The pathophysiologic mechanism behind the natural involution of cardiac rhabdomyomas has not been fully elucidated. It has been hypothesized that these masses stem from the inability of rhabdomyoma cells to divide after birth due to their embryonic myocyte derivation. 4
According to the TSC diagnostic criteria from the Tuberous Sclerosis Complex International Consensus Group, at least 2 major features or 1 major and 2 minor features are required to make a definitive diagnosis of TSC. Cutaneous signs represent more than one-third of major features of TSC; almost all patients with TSC have skin findings. 5
Identification of pathogenic mutations in either TSC 1 (on chromosome 9q34.3, encoding for hamartin) or TSC 2 (on chromosome 16p13.3, encoding for tuberin), resulting in constitutive activation of mammalian target of rapamycin and subsequent increased cell growth, is sufficient for a definitive diagnosis of TSC. However, mutations cannot be identified by conventional genetic testing in as many as one-quarter of patients with TSC; therefore, a negative result does not exclude TSC if the patient meets clinical diagnostic criteria.
FIGURE 2 . A and B, Hypopigmented macules on the left thorax and lower back.
FIGURE 3 . Echocardiography showed 2 (of 3 total) 4- to 5-mm intracardiac masses in the left ventricle, along the interventricular septum and posterior wall, consistent with rhabdomyomas.

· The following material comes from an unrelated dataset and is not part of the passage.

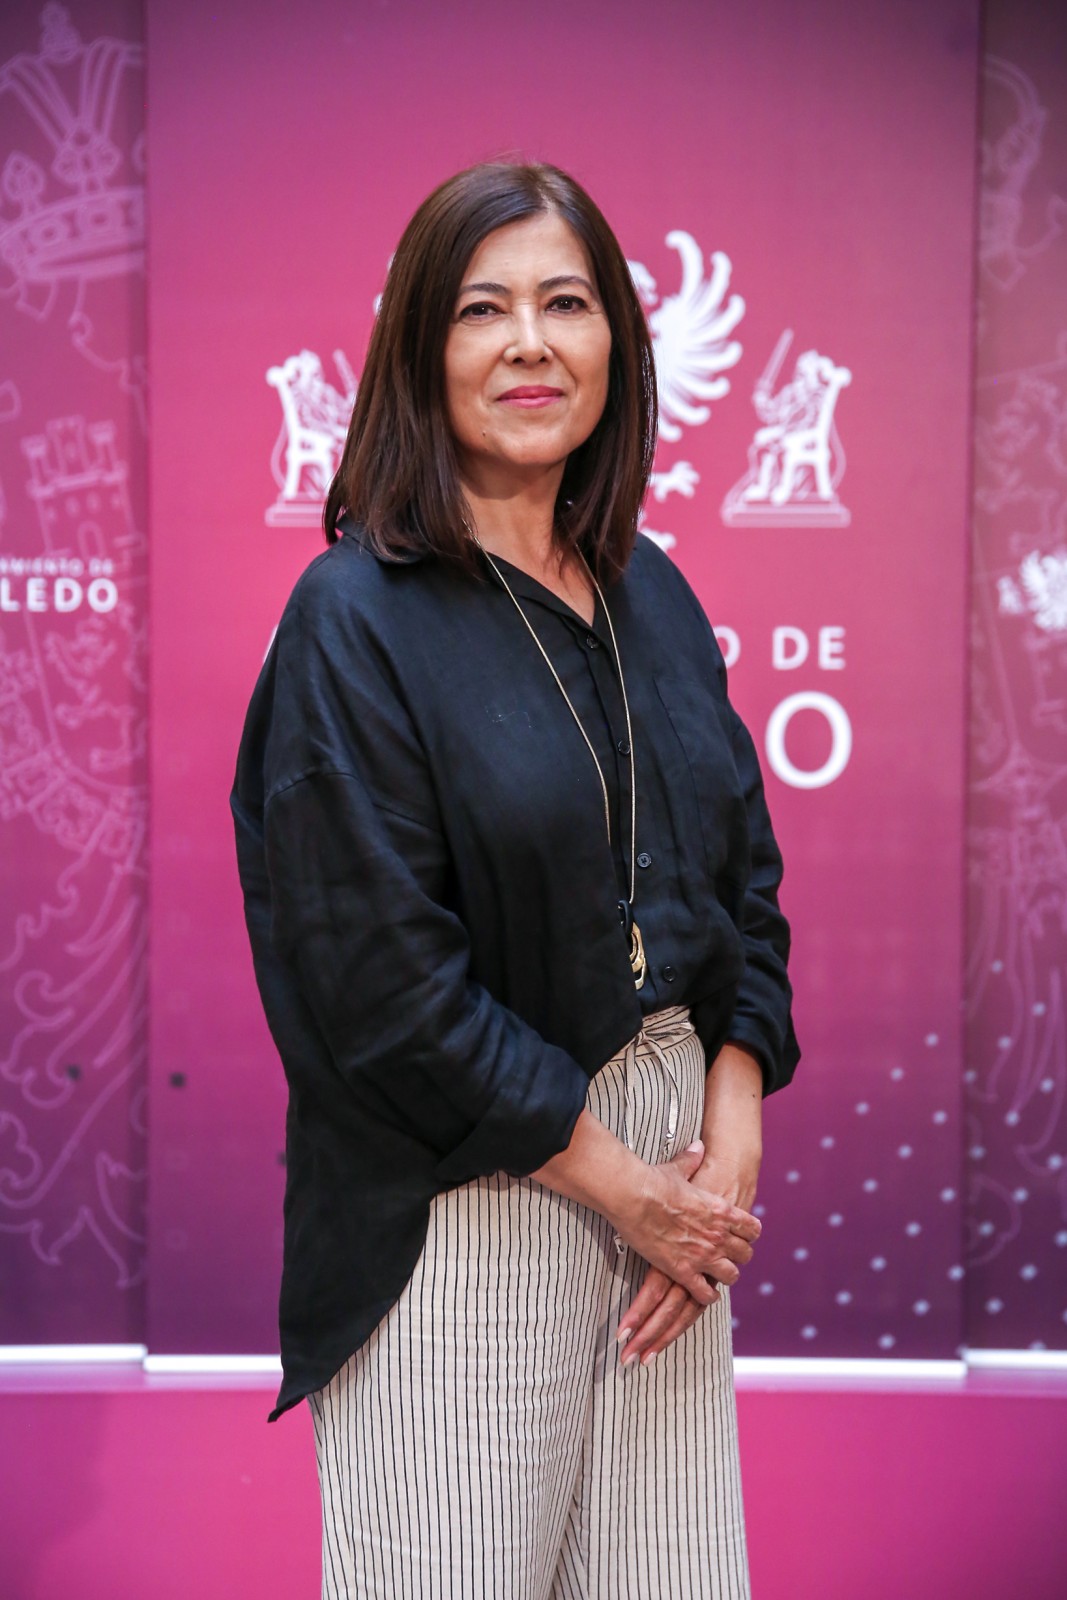 Alicia Escalante Rodríguez
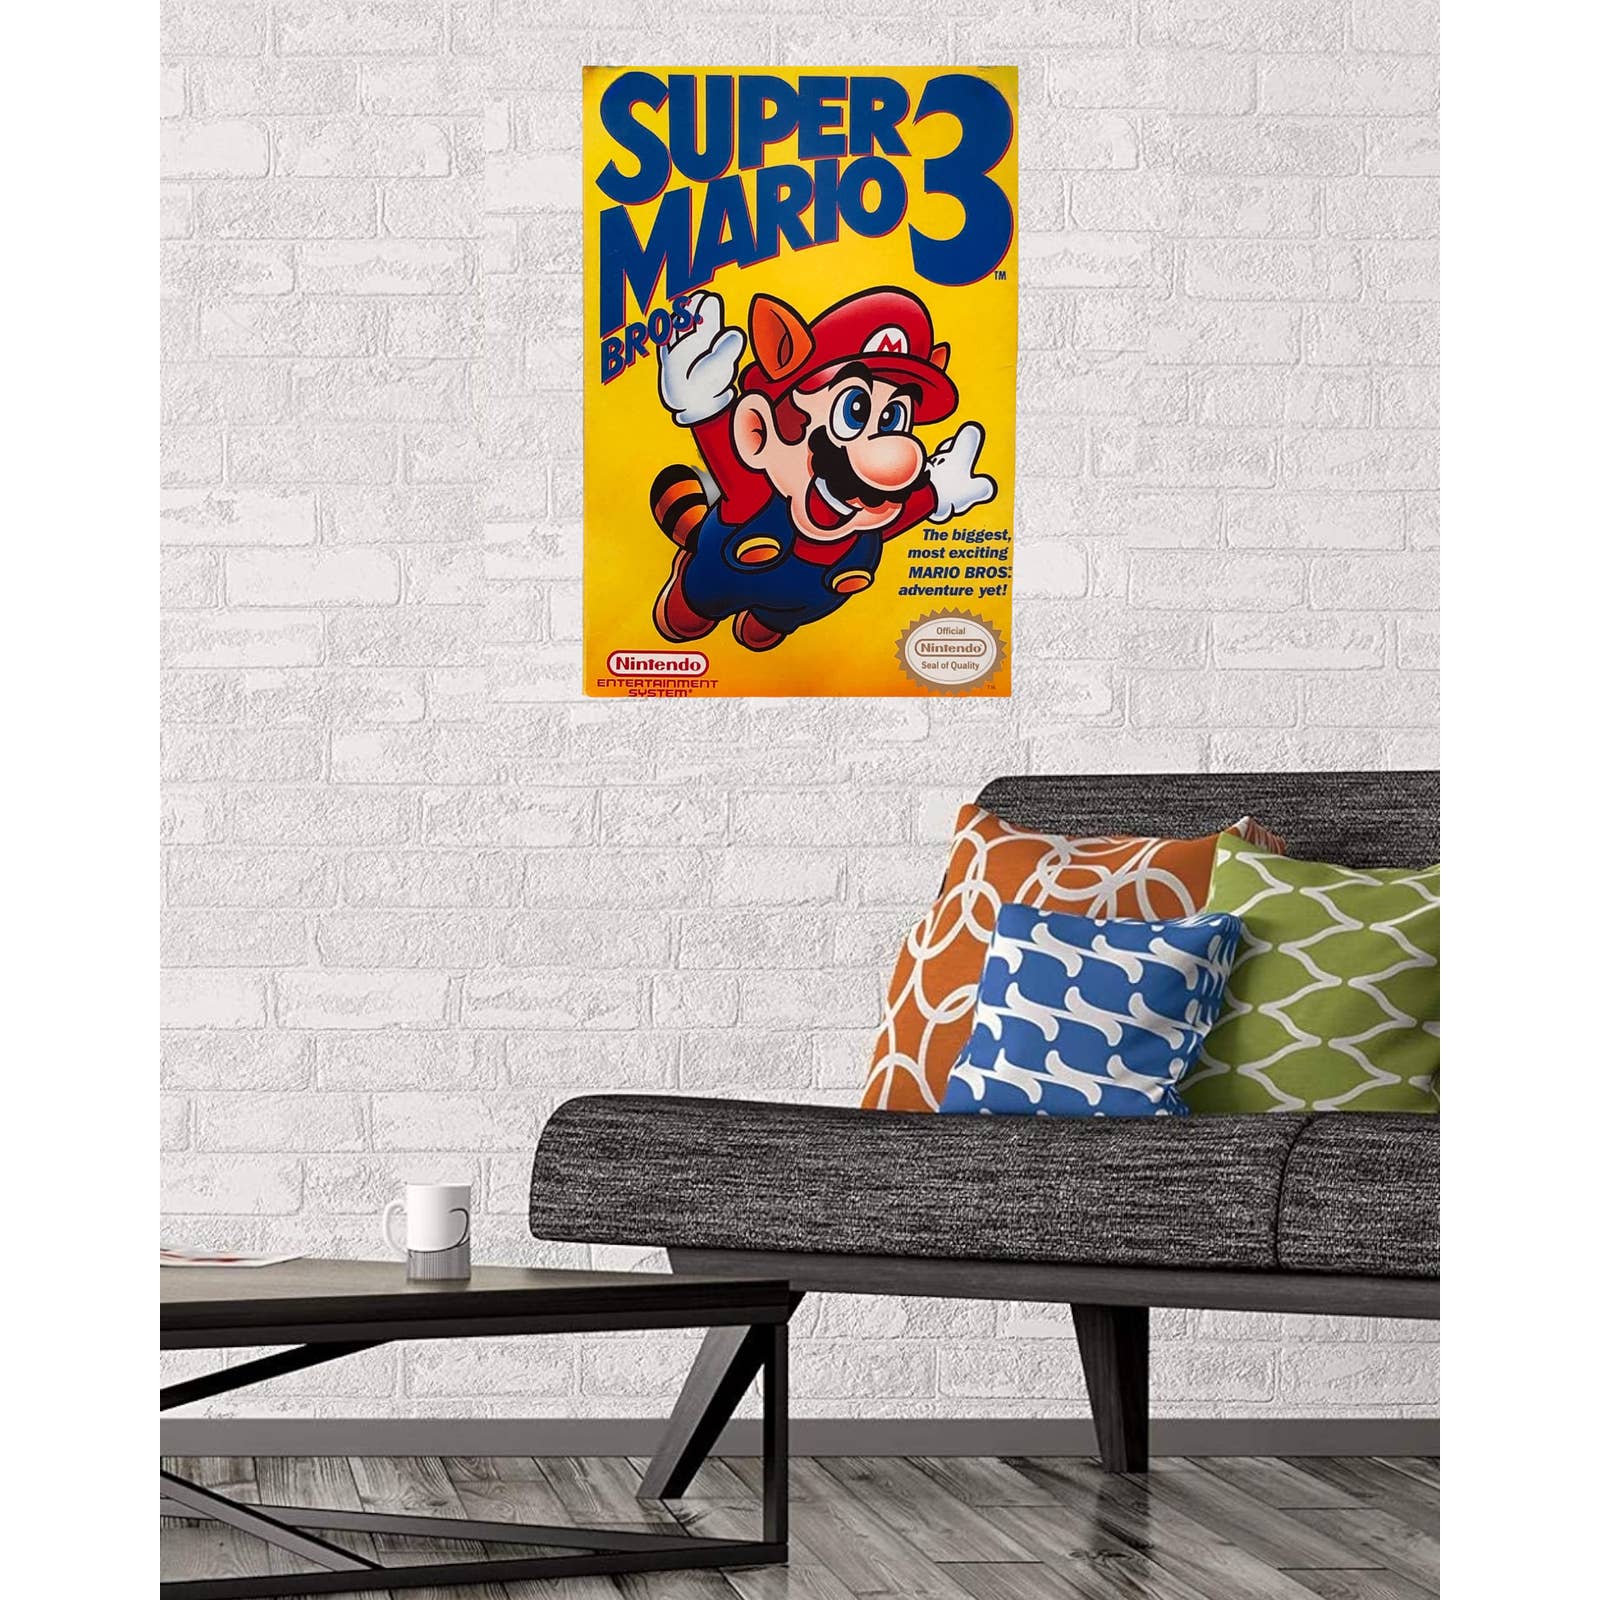 Super Mario Bros 3 Game Poster | Nintendo | NES | NEW | USA

Although a cardiology workup is indicated prior to initiating propranolol in the presence of possible cardiac rhabdomyomas, most of those lesions are hemodynamically stable and do not require treatment. There also is no contraindication for β-blocker therapy. In fact, propranolol has been reported as a successful treatment in rhabdomyoma-associated arrhythmias in children. 6 Notably, obstructive cardiac rhabdomyomas have been successfully treated with mammalian target of rapamycin inhibitors, such as sirolimus 7 and everolimus. 8
Baseline cardiology screening with echocardiography prior to initiating propranolol for treatment of IH is not routinely indicated in babies with uncomplicated IH. However, in a patient with TSC, cardiology screening is necessary to rule out rhabdomyomas with associated arrhythmias or obstructed blood flow, or both, prior to initiating treatment.
We presented a case of concomitant IH and TSC in a patient with cardiac rhabdomyomas. The manifestation of large IHs in our patient prompted further testing that revealed multiple cardiac rhabdomyomas in the context of TSC. It is imperative for cardiologists, cardiac surgeons, and dermatologists to be familiar with the TSC diagnostic criteria so that they can reach a prompt diagnosis and make appropriate referrals for further evaluation of cardiac, neurologic, and ophthalmologic signs.